El caso es que una de ellas nos la han colocado en nuestro proyecto y, como no saben inglés, le damos las tareas más simples, de esa que hasta un mono entrenado podría hacer y aún así las hace mal y tarde.

Pues el tema es el siguiente. Resulta que teníamos que enseñarle a cómo realizar unas cosas del curro, y se le dijo a un compañero danés que le fuera diciendo dónde encontrar los archivos y cómo hacerlos. Todo esto por TEAMS, porque teletrabajamos.

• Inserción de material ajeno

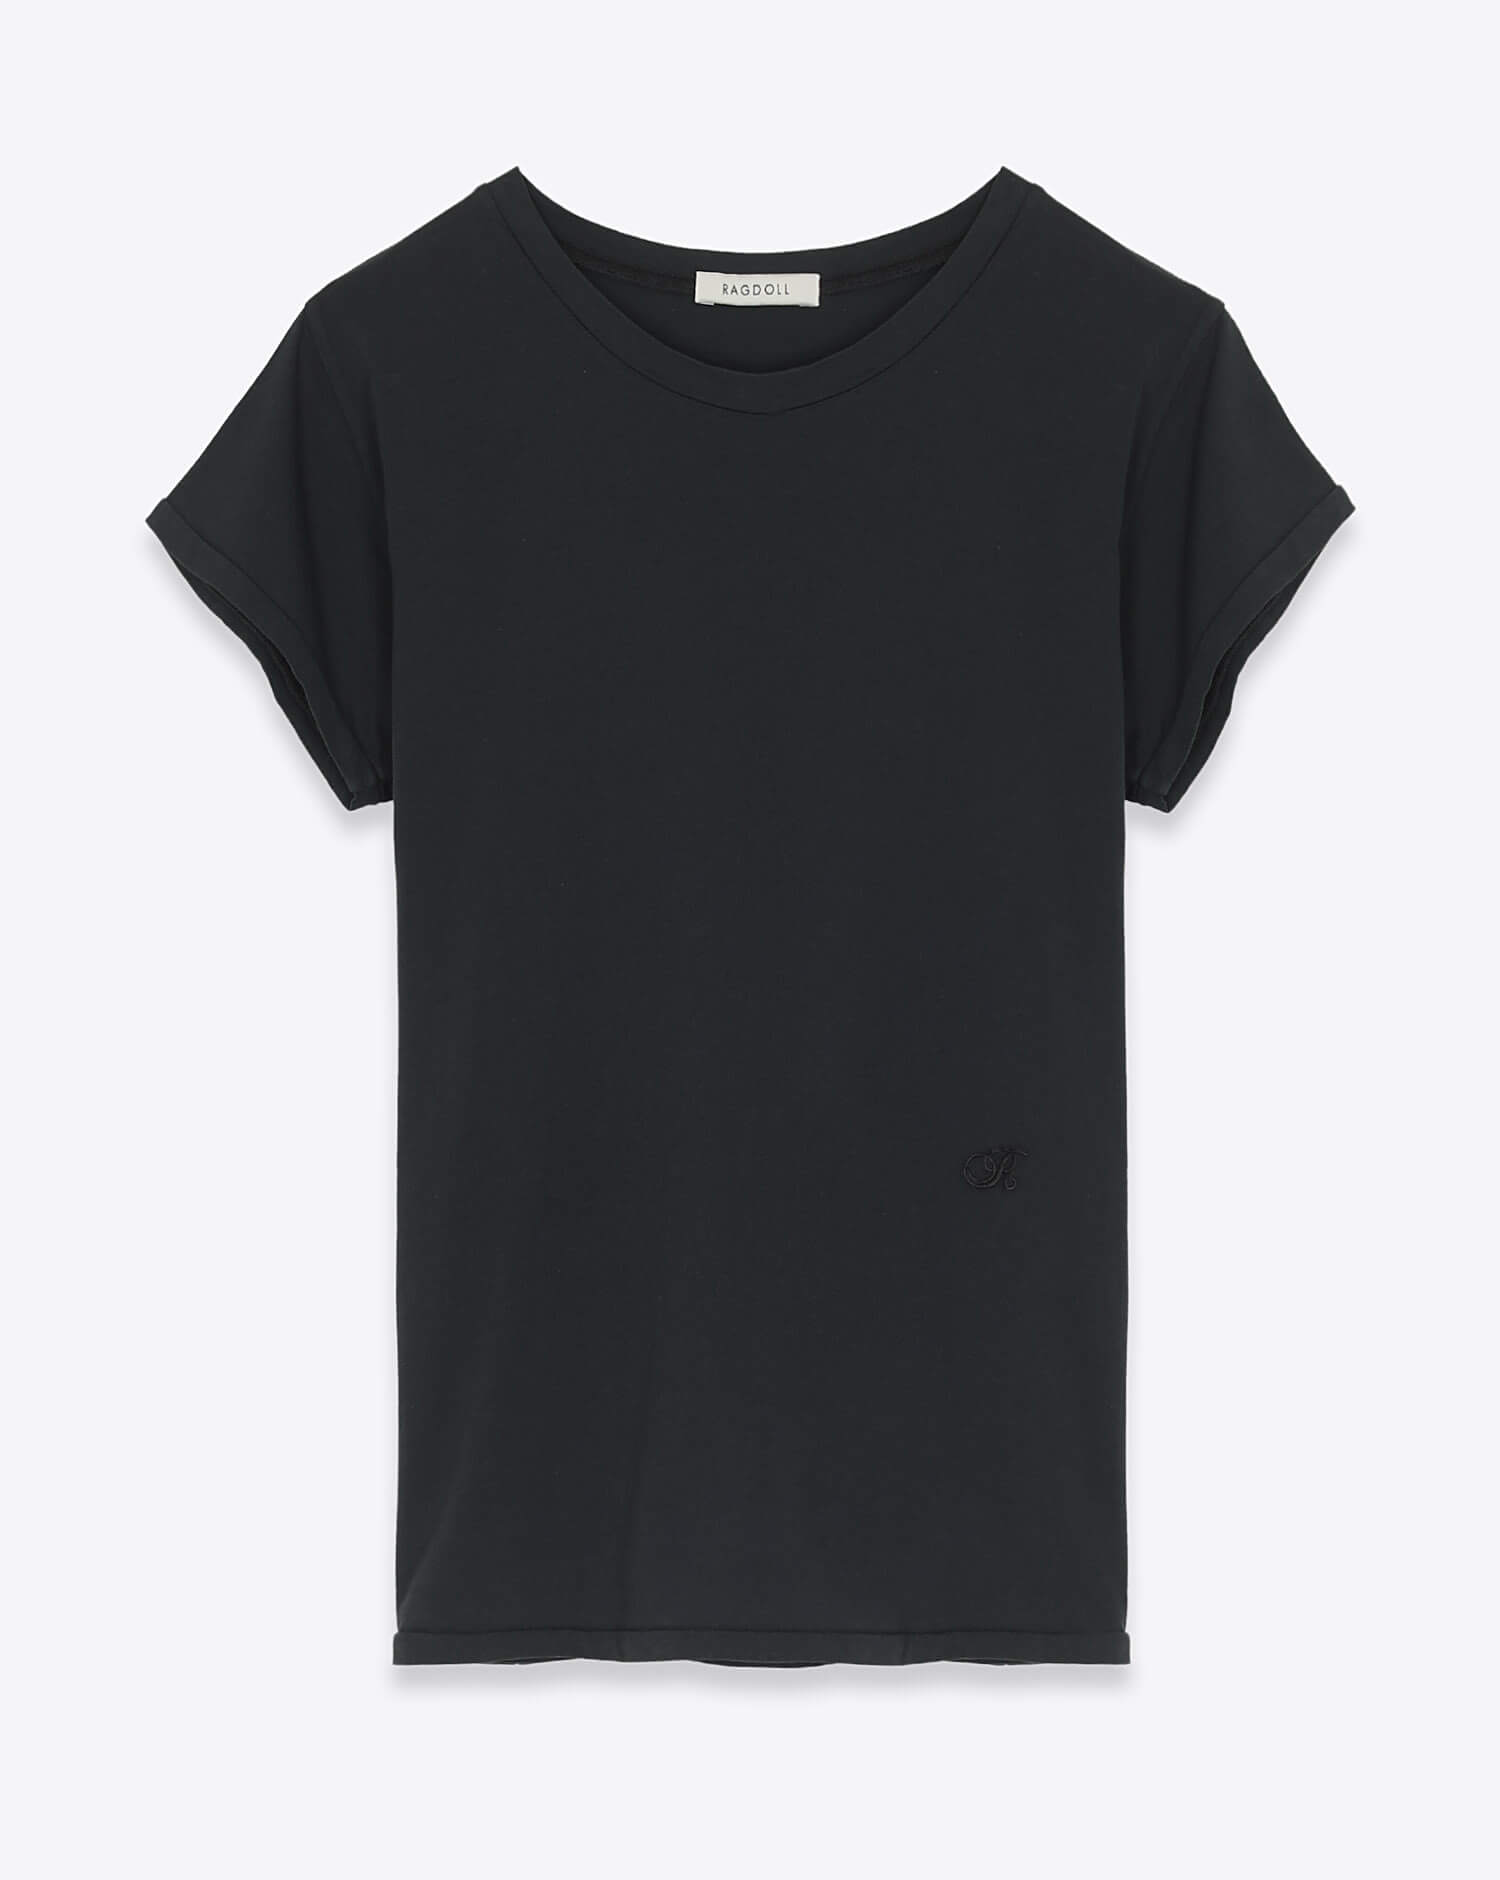 Tee-shirt noir en coton Vintage tee Ragdoll LA

Hace 15 días, el chaval presentó una queja a la jefa porque la charo se pasó los 40 minutos destinados a la formación a sudar de todo y a tirarle la caña al chaval. Pero no de una forma disimulada, no. Los comentarios eran del estilo : “_qué guapo eres y qué bien explicas las cosas, bombón_”; “_claro que sí, rubito_”; “_como para no prestarte atención, cariño_” “_No me mires así que me pones nerviosa_“ “_Ojalá todas las formaciones sean contigo_”

Mi jefa le pidió capturas de pantalla de las conversaciones y lo presentó a RR.HH. Y hoy le han comunicado la sanción. Realmente no sé qué tipo de sanción le han aplicado, si de empleo y sueldo o algo así. Intentaré enterarme. Lo que sí sé es que la sanción es en concepto de comportamiento inapropiado hacia un compañero de trabajo.

Esto solo puede pasar en una multinacional con tías de RR.HH de otros países, porque en cualquier otra empresa nacional, hasta le hubieran reído las gracias.

No creo que la sanción llegue a más, pero si hubiera sido un tío quien soltara todos esos comentarios, estaría en la calle.


----------



## Jevitronka (9 Feb 2022)

Pues muy bien hecho


----------



## s4d (9 Feb 2022)

Mañana teneis ahi a Irene Montero preguntandole al danes x q le dan miedo las tetas ....


----------



## Gotthard (9 Feb 2022)

Culozilla dijo:


> Hoy me he enterado de una noticia que no esperaba que pudiera pasar en estos días y en este estado. En mi curro han expedientado a una charo.
> 
> Trabajo en una multinacional alemana y mis compañeros de trabajo son en un 90% gente de otros países, al igual que los jefes. De hecho, mi jefa es mexicana.
> 
> ...



Si es en España, al final será el danés el que acaba en la puta calle a la que denuncia a la Charo y esta reacciona.

De todas maneras, sea en España o Alemania dale tiempo a los sindicatos, eso creo que no ha acabado. 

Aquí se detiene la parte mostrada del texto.